Authorized SARS-CoV-2 molecular methods show wide variability in the limit of detection.

Joseph H Blommel a,b, Garrett Jenkinson a, Matthew J Binnicker a, Brad S Karon a, Luigi Boccuto b, Diana S Ivankovic b, Sara M Sarasua b, Benjamin R Kipp a,
PMCID: PMC9751006  PMID: 36669396

Abstract

On February 29th, 2020, the U.S. Food and Drug Administration issued the first Emergency Use Authorization (EUA) for a SARS-CoV-2 assay outside of the U.S. Centers for Disease Control and Prevention. As of May 3rd, 2021, 289 total EUAs have been granted. Like influenza, there is no standard for defining limit of detection (LoD), but rather guidance that analytical sensitivity/LoD be established as the level that gives a 95% detection rate in at least 20 replicates. Here we compare the performance characteristics of SARS-CoV-2 tests receiving EUA by standardizing sensitivity to a common unit of measure and assess the variability in LoD between tests. Additionally, we looked at factors that may impact sensitivities due to lack of standardization of the test development process and compare results for a standardized reference panel for comparative analysis within a subset of EUA tests offered by the U.S. Food and Drug Administration.

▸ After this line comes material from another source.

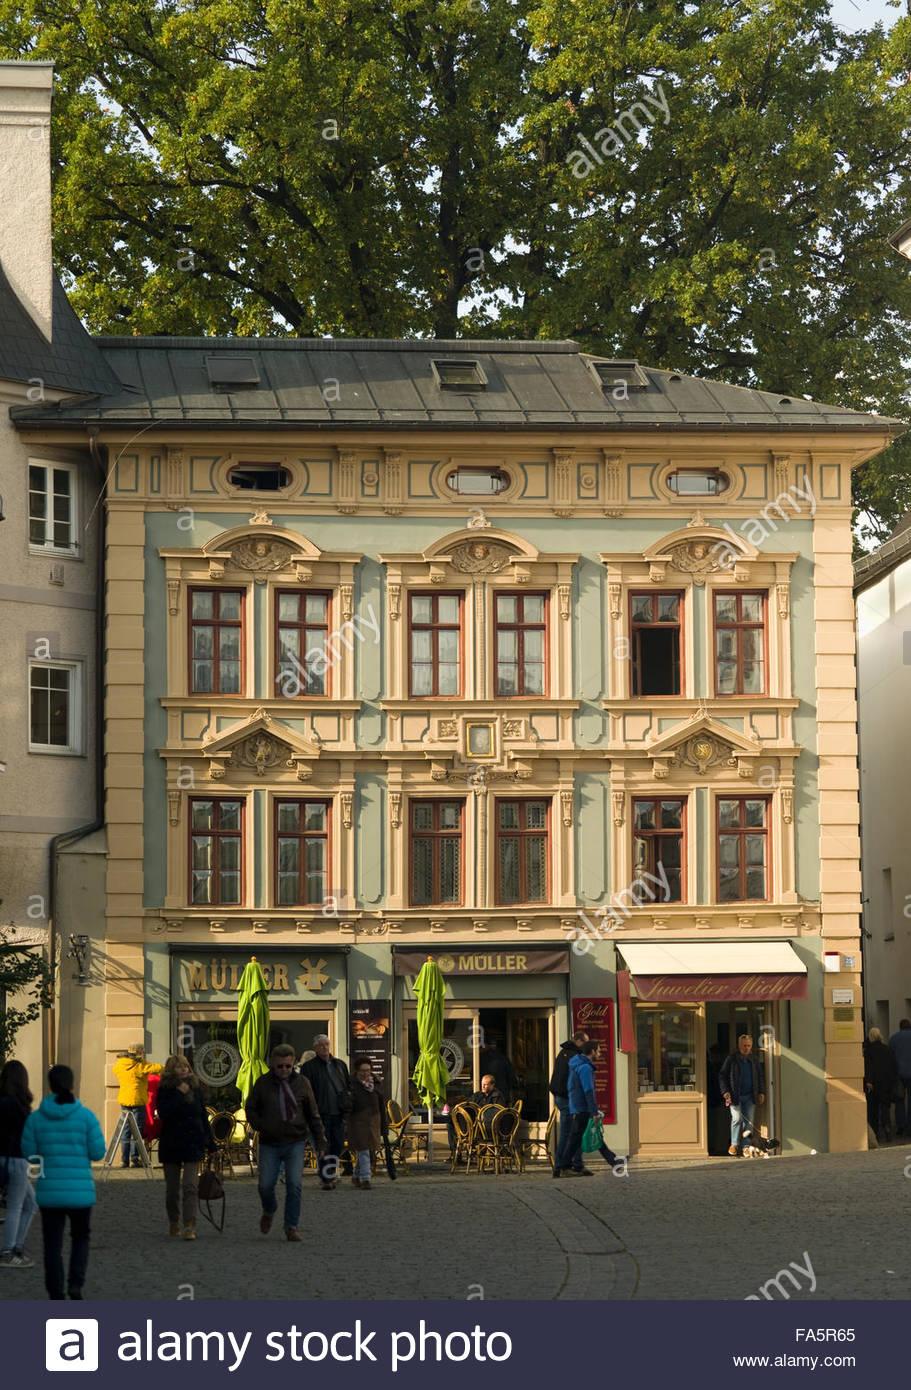 Architektur Rosenheim | Architektur Und Gebaude Rosenheim Deutschland Stockfoto Bild

Keywords: SARS-CoV-2, Nucleic Acid Amplification Tests, PCR, Limit of Detection

1. Introduction

Coronavirus disease 2019 (COVID-19) is caused by the severe acute respiratory syndrome coronavirus 2 (SARS-CoV-2) and has resulted in more than 500 million cases and 6 million deaths as of May 2022 [1]. From the beginning of the pandemic, significant efforts have been directed toward diagnostic testing for SARS-CoV-2 to help prevent, mitigate, and respond to this deadly virus. On February 4th, 2020, the U.S. Food and Drug Administration (FDA) issued an Emergency Use Authorization (EUA) for the Centers for Disease Control and Prevention (CDC) COVID RT-PCR diagnostic panel. In the absence of a public health emergency, Clinical Laboratory Improvement Amendments (CLIA) typically govern Laboratory Developed Tests (LDTs). However, the declaration of a public health emergency meant no SARS-CoV-2 tests could be offered without FDA EUA [2]. While full FDA approval of LDTs has been seen as a hindrance to test development due to time and expense, the process for FDA EUA is in place to provide resources for expedited release of tests under FDA guidance [3,4]. It is important to note that EUA is not a full FDA approval and authorization of these tests is discontinued when there is no longer a public health emergency. Despite differences between full FDA approval, EUA and CLIA regulated LDTs, the latter of which is regulated by the Centers for Medicare and Medicaid Services rather than the FDA, both require documentation of sensitivity/Limit of Detection (LoD) [5], [6], [7]. Though LoD documentation for these tests is required, there is no benchmark set for a minimum detectable level.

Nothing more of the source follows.